You are bidding on a rare vintage hardcover book with original dustjacket titled Operation Deepfreeze. By Rear Admiral George J. Dufek, Commander U.S. Naval Support Force Antarctica. Published by Harcourt, Brace and Company, 1957. This is the scarce and highly collectible First Edition. 

Book is signed by the author, George Dufek on the title page. 

In the mid-1950s Admiral Dufek was appointed commander of Task Force 43 of the USN to carry out Antarctic scientific research and exploration as part of the International Geophysical Year. This account by the admiral covers Operation Deepfreeze I and II.

Condition: The book is bound in blue boards with black lettering on spine. Front cover has illustration of ships with ice flows near them. The covers are securely attached with no cracking or splitting of hinges. Top area of spine slightly sun-lightened. All pages are clean and tightly bound. Illustrated map endpages. No writing in book and no signs of previous ownership. The book remains in very good condition. The dustjacket shows wear and has a piece missing at top area of front cover. The dustjacket is in a mylar cover to protect it. 

This is a very rare and desirable signed book by one of the last of the Great Polar Explorers!

Would make a nice addition to a collection.

Great gift idea!

About the author (from wikipedia):

George John Dufek (10 February 1903, Rockford, Illinois - 10 February 1977, Bethesda, Maryland[1]) was an American naval officer, naval aviator, and polar expert. He served in World War II and the Korean War and in the 1940s and 1950s spent much of his career in the Antarctic, first with Admiral Byrd and later as supervisor of U.S. programs in the South Polar regions. Rear Admiral Dufek was the director of the Mariners' Museum[2] in Newport News, Virginia after his retirement from the Navy in 1959.

Born in Rockford, Illinois, he joined the Reserve Officer Training Corps (ROTC) at his local high school and was appointed to the U.S. Naval Academy in Annapolis, Maryland in 1921. Upon graduation in 1925 he received his ensign's commission and commenced his career aboard the battleship USS Maryland. In 1932 he entered flight training school at the Naval Air Station Pensacola, Florida; after graduating as a naval aviator in 1933 he served as navigator and executive officer on three different ships.

During World War II Dufek commanded a flight training squadron, served as senior naval aviator in Algeria during the invasion of North Africa, assisted in the planning for the invasion of Sicily and Salerno and, after his promotion to captain and subsequent reassignment, the invasion of southern France.

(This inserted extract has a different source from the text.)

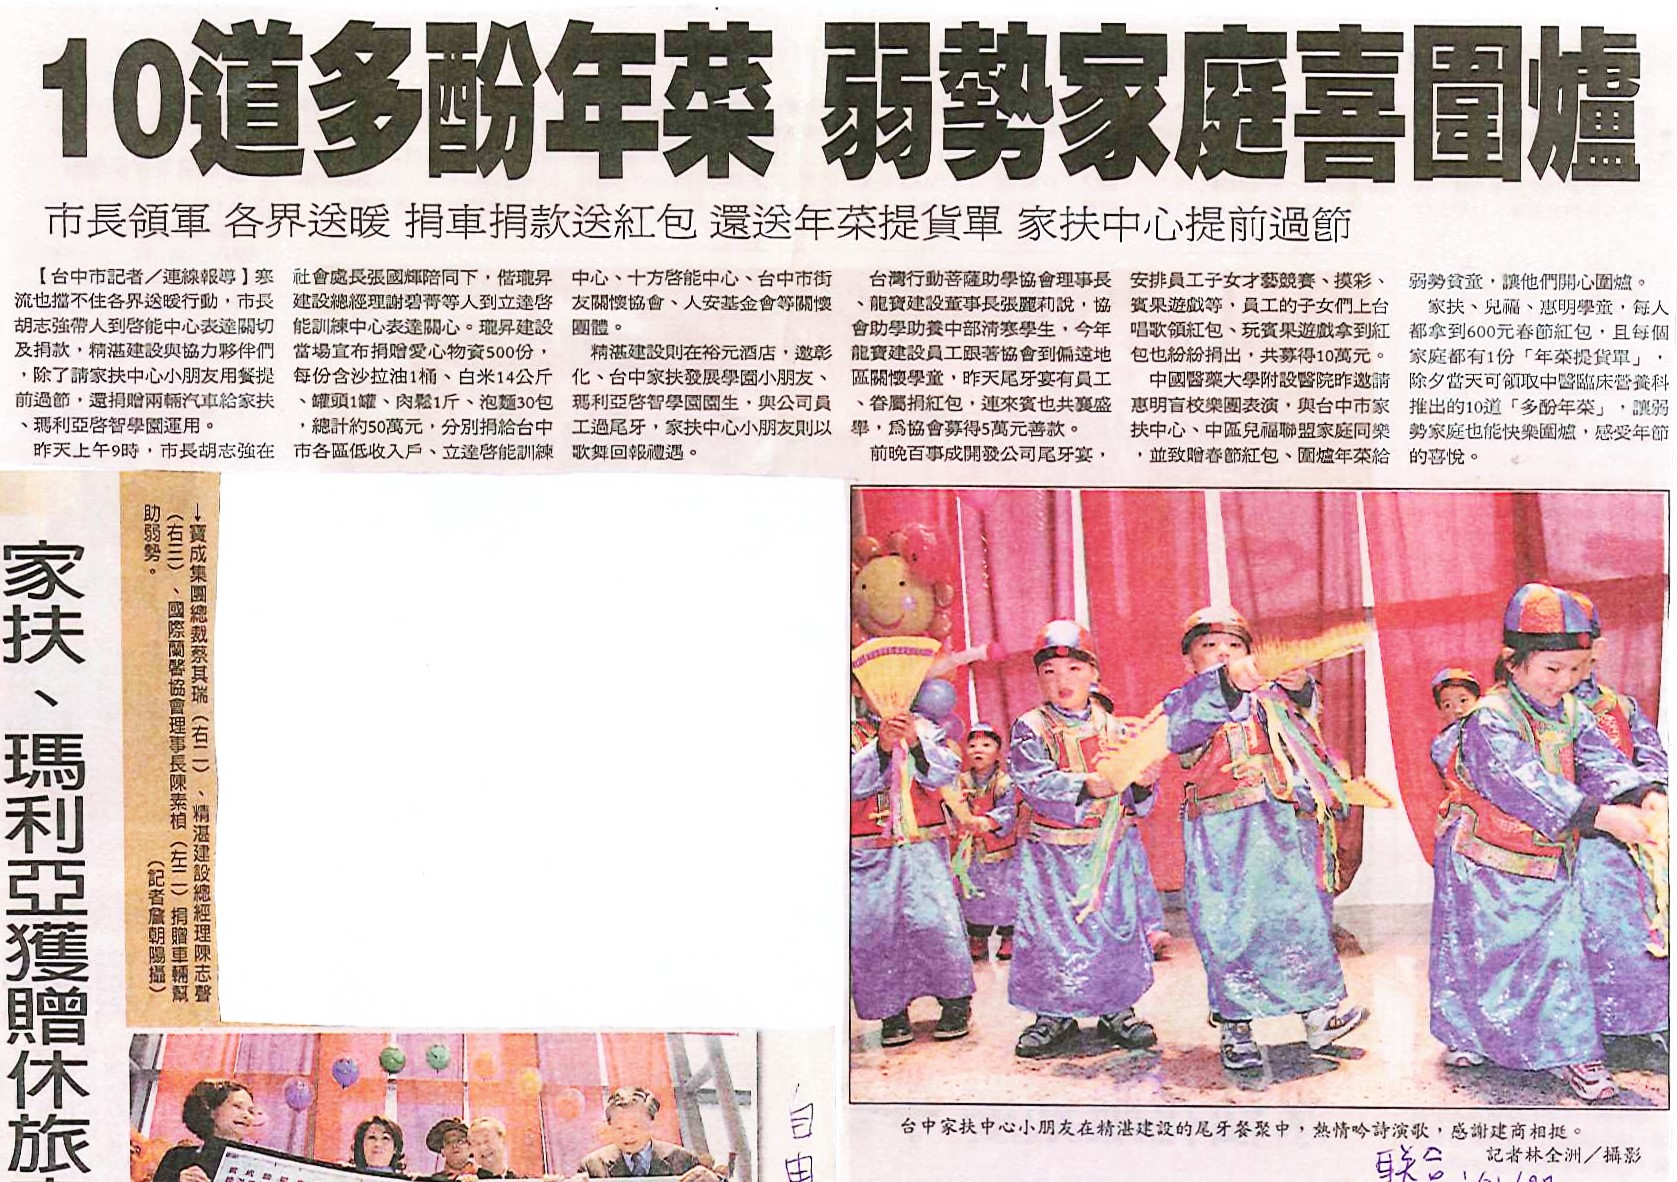 20080131 聯合報_10道多酚年菜 弱勢家庭喜圍爐 (2)

In September 1944 he assumed command of the escort carrier USS Bogue, which sank the final German submarine lost in World War II.

During the Korean War the Navy placed Dufek in command of the aircraft carrier USS Antietam, then on Kwajalein in the Pacific and finally at Naval Air Station Whidbey Island in Oak Harbor, Washington.

With Admiral Byrd
In the spring of 1939 Dufek, at this time a lieutenant, requested and received an assignment with Rear Admiral Richard E. Byrd's third expedition to Antarctica, where he served as navigator of the USS Bear, the flagship of the expedition. In recognition of his many hours of exploratory flying over the South Polar continent Dufek later received the Antarctic Expedition Medal.

Operation Highjump
After a brief post-war stint in Japan, Dufek was assigned as chief staff officer to a U.S. Navy-Coast Guard task force to establish weather bases in the polar regions. While there he participated in Operation Highjump, a Naval expedition to Antarctica under the command of Admiral Byrd, during which he made the first flight over the Thurston Peninsula and later rescued six survivors of another flight over the same area. He returned to Washington D.C. briefly, but by 1947 was back in the Antarctic, this time commanding a task force sent to supply existing weather stations and to establish new ones near the Pole.

Operation Deepfreeze
In 1954 Dufek joined a special Antarctic planning group preparing for the Navy's Operation Deep Freeze, a scientific polar research expedition. When planning was complete Dufek was given command of Task Force 43 which, with more than 80 officers and 1000 enlisted men, three ice-breakers, and three cargo ships, was charged with logistics and support for the expedition.

Among other accomplishments the task force established bases on Ross Island and in Little America, and on October 31, 1956,[3] Admiral Dufek and a crew of six[4] became the first Americans to set foot at the South Pole and to plant the American flag, and the first men to land on the pole from the air. On November 28, 1957, Dufek was present with a US congressional delegation during a change of command ceremony held at McMurdo Sound.[5] After Admiral Byrd's death, Dufek was appointed to succeed him as supervisor of U.S. programs in the South Polar Regions.

He died in 1977, on his 74th birthday.